Nanotechnology can be described as a science, engineering and technology that is conducted at a nano scale. It involves manipulation of individual matter at the level of atoms (atomic level), molecular and or supramolecular level. It deals with materials having at least one spatial dimension in the size range of 1 to 100 nm.  What comes to your mind whenever you hear the word nano is 10-9 and one nanometer is one billionth of a meter. In order to work at the atomic level one needs a suitable microscope such a scanning tunneling microscope (STM) and atomic force microscope (AFM). Nanotechnology is an interdisciplinary and also referred to as general purpose technology.

History

The term nano came from the Greek word nanos meaning 'dwarf’; consequently, very small objects come to the mind when we hear the word nanotechnology. Although human exposure to nanoparticles has occurred throughout human history which dramatically increased during the industrial revolution. The study of nanoparticles is not new as the concept of ‘‘nanometer’’ was first proposed by Richard Zsigmondy in 1925; a Nobel Prize Laureate in chemistry who coined the term expressly for characterizing particle size and he was the first to measure the size of particles such as gold colloids using a nanometer.  However, Richard Feynman, the 1965 Nobel Prize Laureate in physics is often credited for introducing the concept of nanotechnology and therefore called the father of nanotechnology. He presented a lecture titled "There's Plenty of Room at the Bottom" where he introduced the concept of manipulation at the atomic level. The new idea he presented demonstrated new ways of thinking and his hypotheses were proven correct.

Fifteen years later, a Japanese scientist named Norio Taniguchi was the first to use the word nanotechnology to describe semiconductor processes that occurred on the order of nanometer and advocated that nanotechnology consisted of the processing, separation, consolidation, and deformation of materials by one atom or one molecule. Thereafter, the golden era of nanotechnology began in the 1980s when Eric Drexler of Massachusetts Institute of Technology (MIT) used ideas from Feynman’s book and Taniguchi’s term nanotechnology in his book titled, ‘‘Engines of Creation: The Coming Era of Nanotechnology’’ in 1986; he proposed the idea of a nanoscale ‘‘assembler’’ which would be able to build a copy of itself and of other items of arbitrary complexity. His vision of nanotechnology is often called ‘‘molecular nanotechnology.’’

Nanotechnology's advancement became popular when Iijima and another Japanese scientist, developed carbon nanotubes; the beginning of the 21st century saw an increased interest in the emerging fields of nanoscience and nanotechnology. In the United States, Feynman’s stature and his concept of manipulation of matter at the atomic level played an important role in shaping national science priorities. President Bill Clinton advocated for funding of research in this emerging technology during a speech at Caltech on January 21, 2000. Three years later, President George W. Bush signed into law the 21st Century Nanotechnology Research and Development Act. The legislation made nanotechnology research a national priority and created the National Technology Initiative (NNI). Today, the NNI is managed within a framework at the top of which is the President’s Cabinet-level National Science and Technology Council (NSTC) and its Committee on Technology. The Committee’s Subcommittee on Nanoscale Science, Engineering, and Technology (NSET) is responsible for planning, budgeting, implementation, and review of the NNI and is comprised of representatives from 20 US departments and independent agencies and commissions.

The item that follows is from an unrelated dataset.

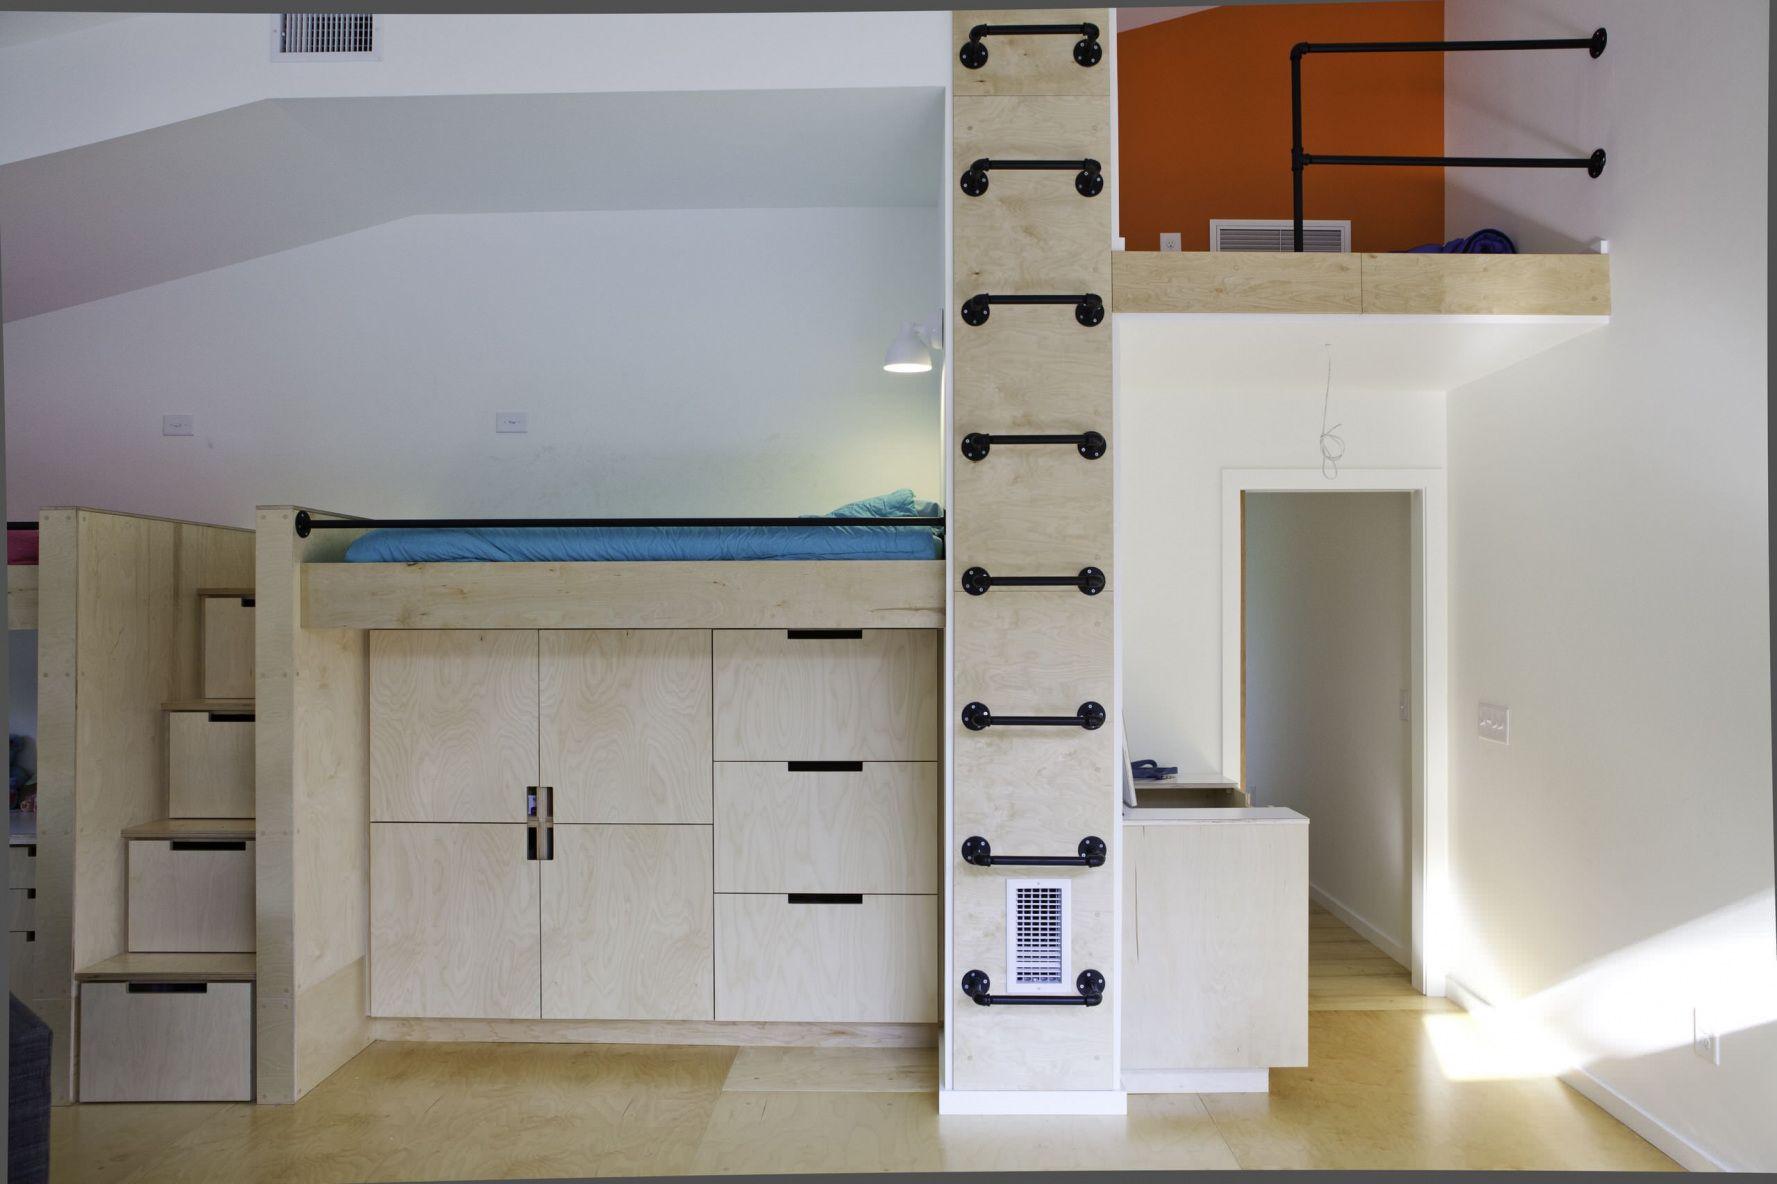 bunk bed ladders master bedroom interior design check more at

Approaches in Nanotechnology: Synthesis of Nanomaterials

There are two approaches to the synthesis of nanomaterials: bottom-up and top-down. The bottom-up approach involves molecular components arranging themselves into more complex assemblies atom-by-atom, molecule-by-molecule, cluster-by-cluster from the bottom as in the growth of a crystal. These approaches, arrange molecular components themselves into some useful conformation using the concept of molecular self-assembly; synthesis of nanoparticles by colloid dispersions is an example of the bottom-up approach. 

In the top-down approach,  it has to do with creating nanoscale devices by using larger, externally-controlled devices to direct their assembly; this approach often uses the traditional workshop or microfabrication methods in which externally-controlled tools are used to cut, mill and shape materials into the desired shape and order. Attrition and milling for making nanoparticles are typical top-down processes. 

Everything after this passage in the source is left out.